The Bad is when the Road Map is modified, when the US President accepts the Israeli interpretation of the Road Map and Israel demands the confiscation of illegal weapons as a condition for any negotiations. It is bad when the President of the United States gives Israel the right to expand and build settlements and agrees to allow Israel to take Palestinian land because of “facts on the ground.”
The Ugly is when the US President fails to lead a peace process and fails to put pressure on Israel to live up to its Road Map commitments. The Ugly is the realization that we are heading towards another round of unnecessary and futile violence because people are frustrated by the lack of political achievements. It is ugly when people lose their belief that peace is even a possibility for which they can hope. The Ugly is when the real, recent achievements of the Palestinian Authority and President Abbas are not met with equivalent steps by Israel. It is ugly when we begin to understand that the disengagement plan designed by the Israeli PM is part of the implementation of his vision of Gaza first and Gaza last. It is ugly when Israel fails to recognize that there is a partner and continues to refuse to negotiate, acting unilaterally.

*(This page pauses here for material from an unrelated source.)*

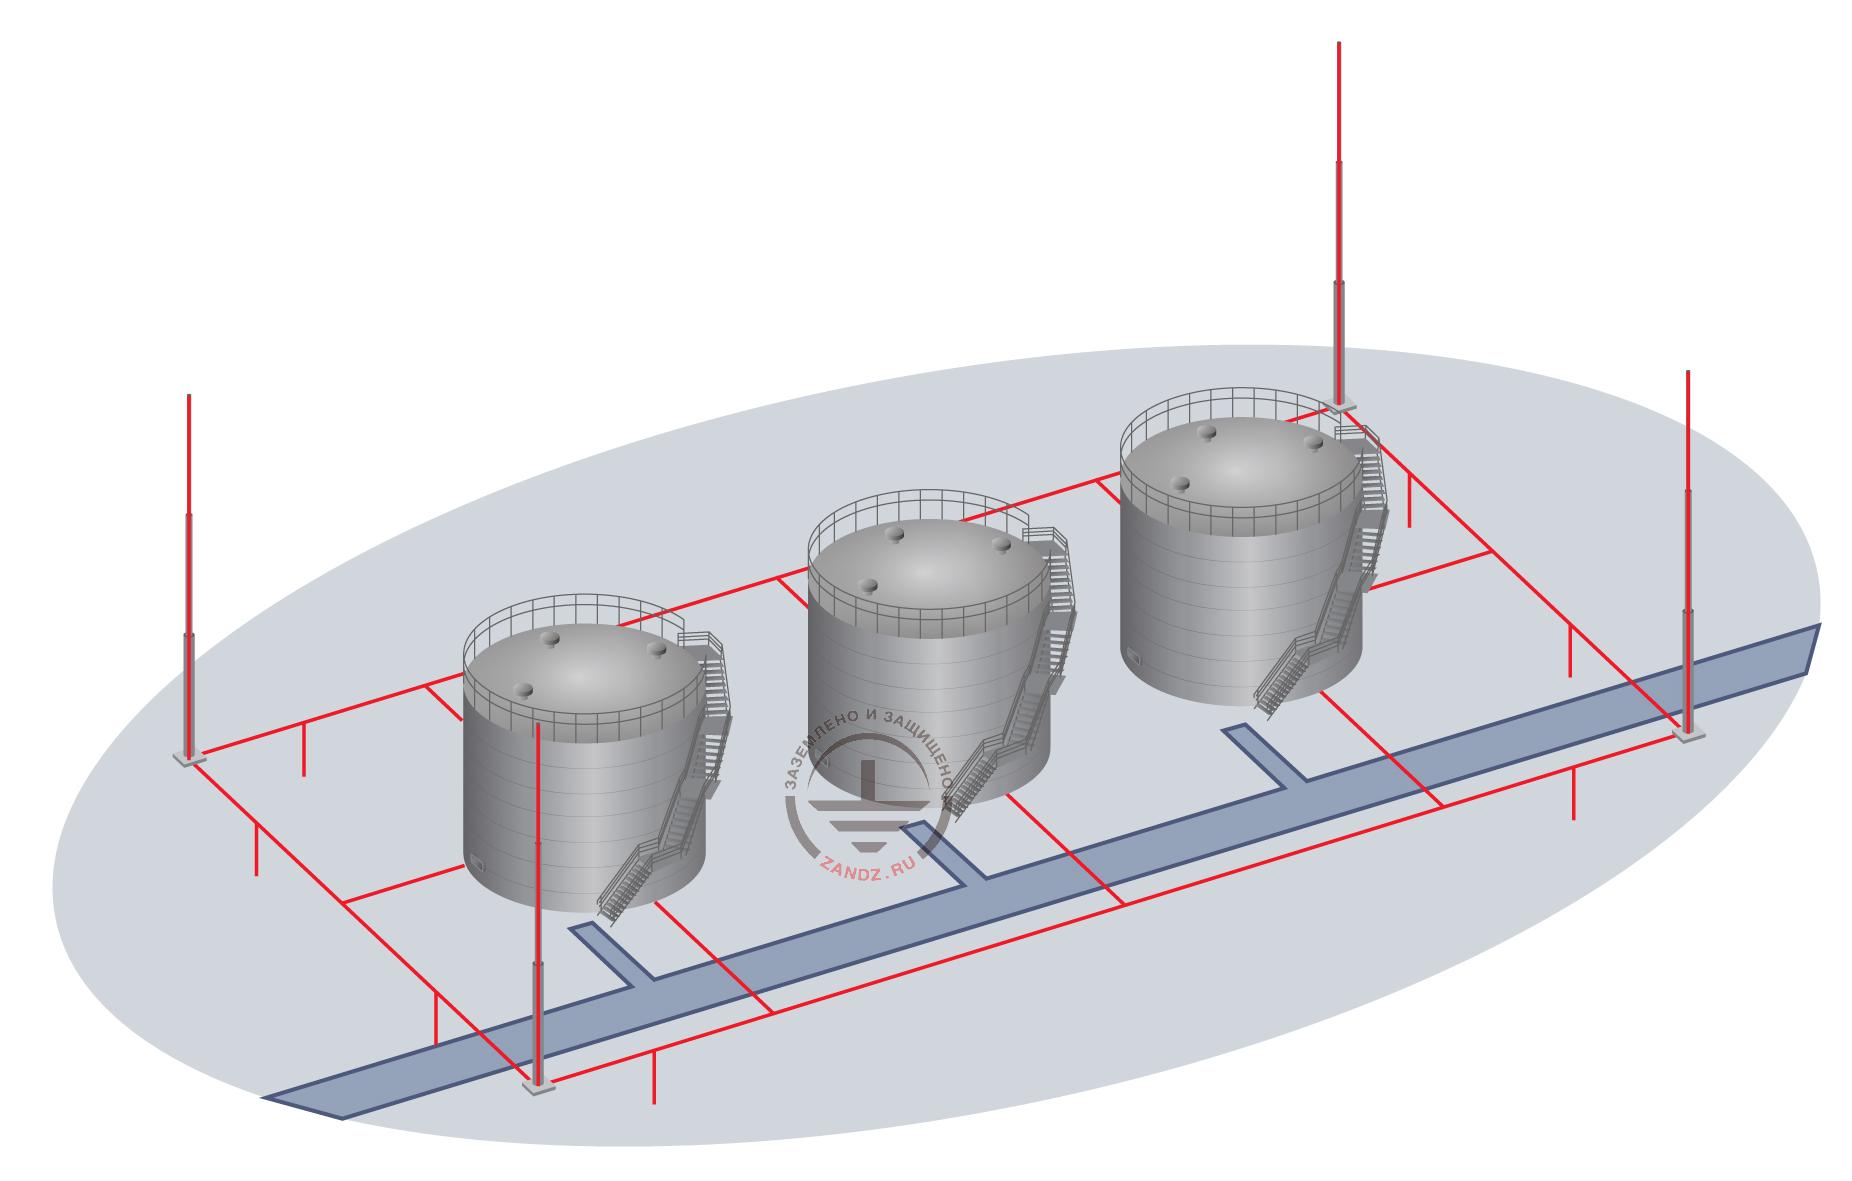 Проект заземления и молниезащиты для нефтяных резервуаров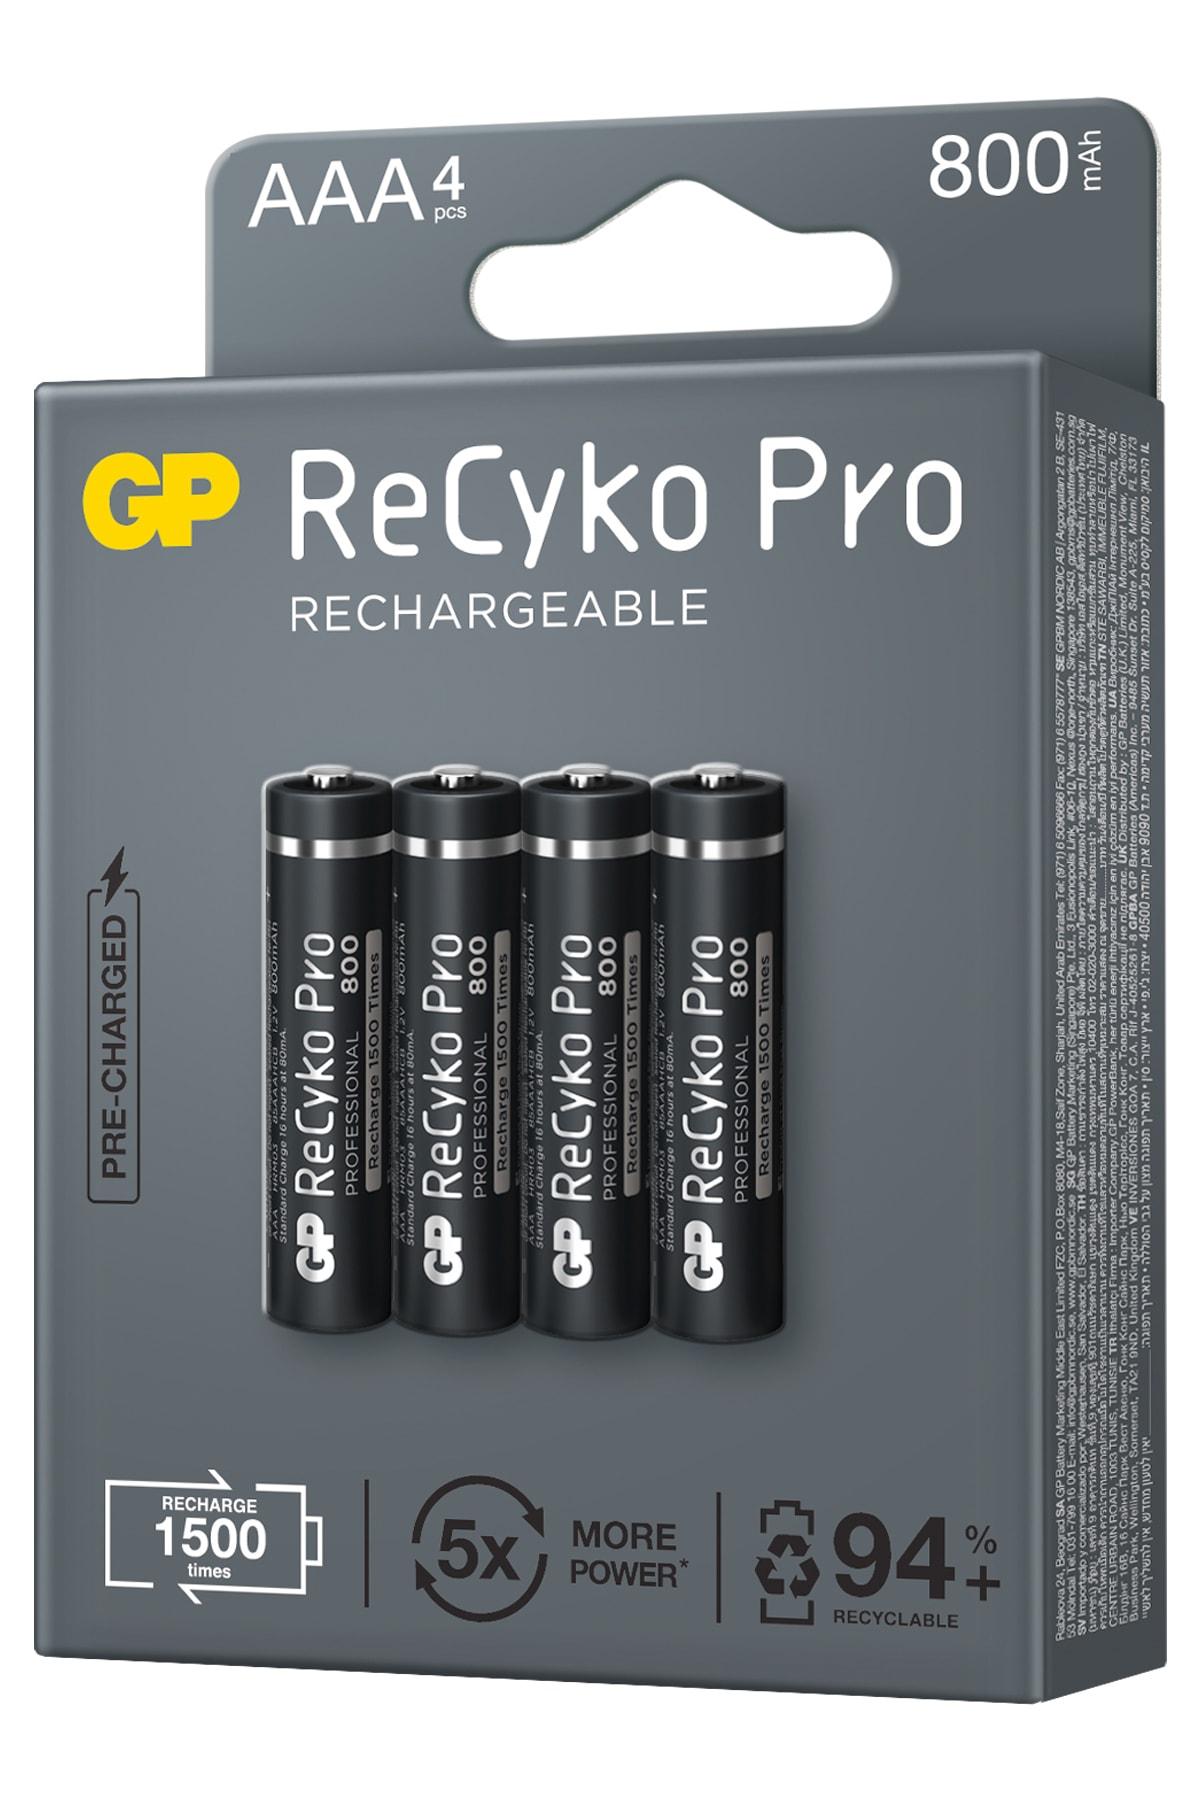 GP Batteries Recyko+ Pro Aaa 800 Mah Ince Ni-mh Şarjlı Pil, 1.2 Volt, 4'lü Kart 2

The disengagement will not achieve peace or improve the relations between the Palestinians and Israel. It is only a redeployment of forces and settlements. It is a tactical move that will not end the occupation. The evacuated land will still be occupied and controlled by Israel. Israel will continue to erect the so-called “security fence” and will continue to create new facts on the ground by annexing the settlement blocs and accelerating the expansion of these blocs.
The Ugly is when the silent majority remains silent. The Ugly is when the extremists gain more and more public sympathy though they offer even less hope of peace and calm. It is bad and ugly when we fail to learn the lessons of the past. The last failure led to the outbreak of the second intifada and it will be even more ugly if a current failure causes the eruption of the third intifada. It would be good if the peace camps on both sides would move and take action. Only they can make their leaderships change policies.
Note: Khaled Duzdar is the Palestinian Co-Director of the Strategic affairs Unit at Israel/Palestine Center for Research and Information (IPCRI). This article is part of a series of views on “Enlarging the window of opportunity”, published in partnership with CGNews. Yet even this ”moderate” Palestinian intellectual thinks that it is Bad when the US President sides with Israel on any issue, including the very first condition of the Road Map demanding that the Palestinians end terrorism and confiscate the illegal weapons of terrorist groups before negotiations! There will be no peace until the Palestinians understand that they too have to make concessions – even territorial concessions – and stop expecting that the powers intervene to force Israel to give them what they want. The powers too have suffered from Moslem terrorism – the US in New York, the European Community in Madrid, Russia in Chechnya, Moscow and North Ossetia - where Chechens seized 1200 children, parents and teachers hostage in a school and killed some 500 of them. They are unlikely to sympathize with Palestinian terrorism against Israel – by Hamas, Islamic Jihad, or the Fatah’s Al-Aqsa Martyrs - or to force Israel to make significant concessions to the Palestinian Authority before this terrorism is eradicated. It is not ugly when President Bush demands such an act, or suggests a territorial compromise in Judea-Samaria. It is merely just.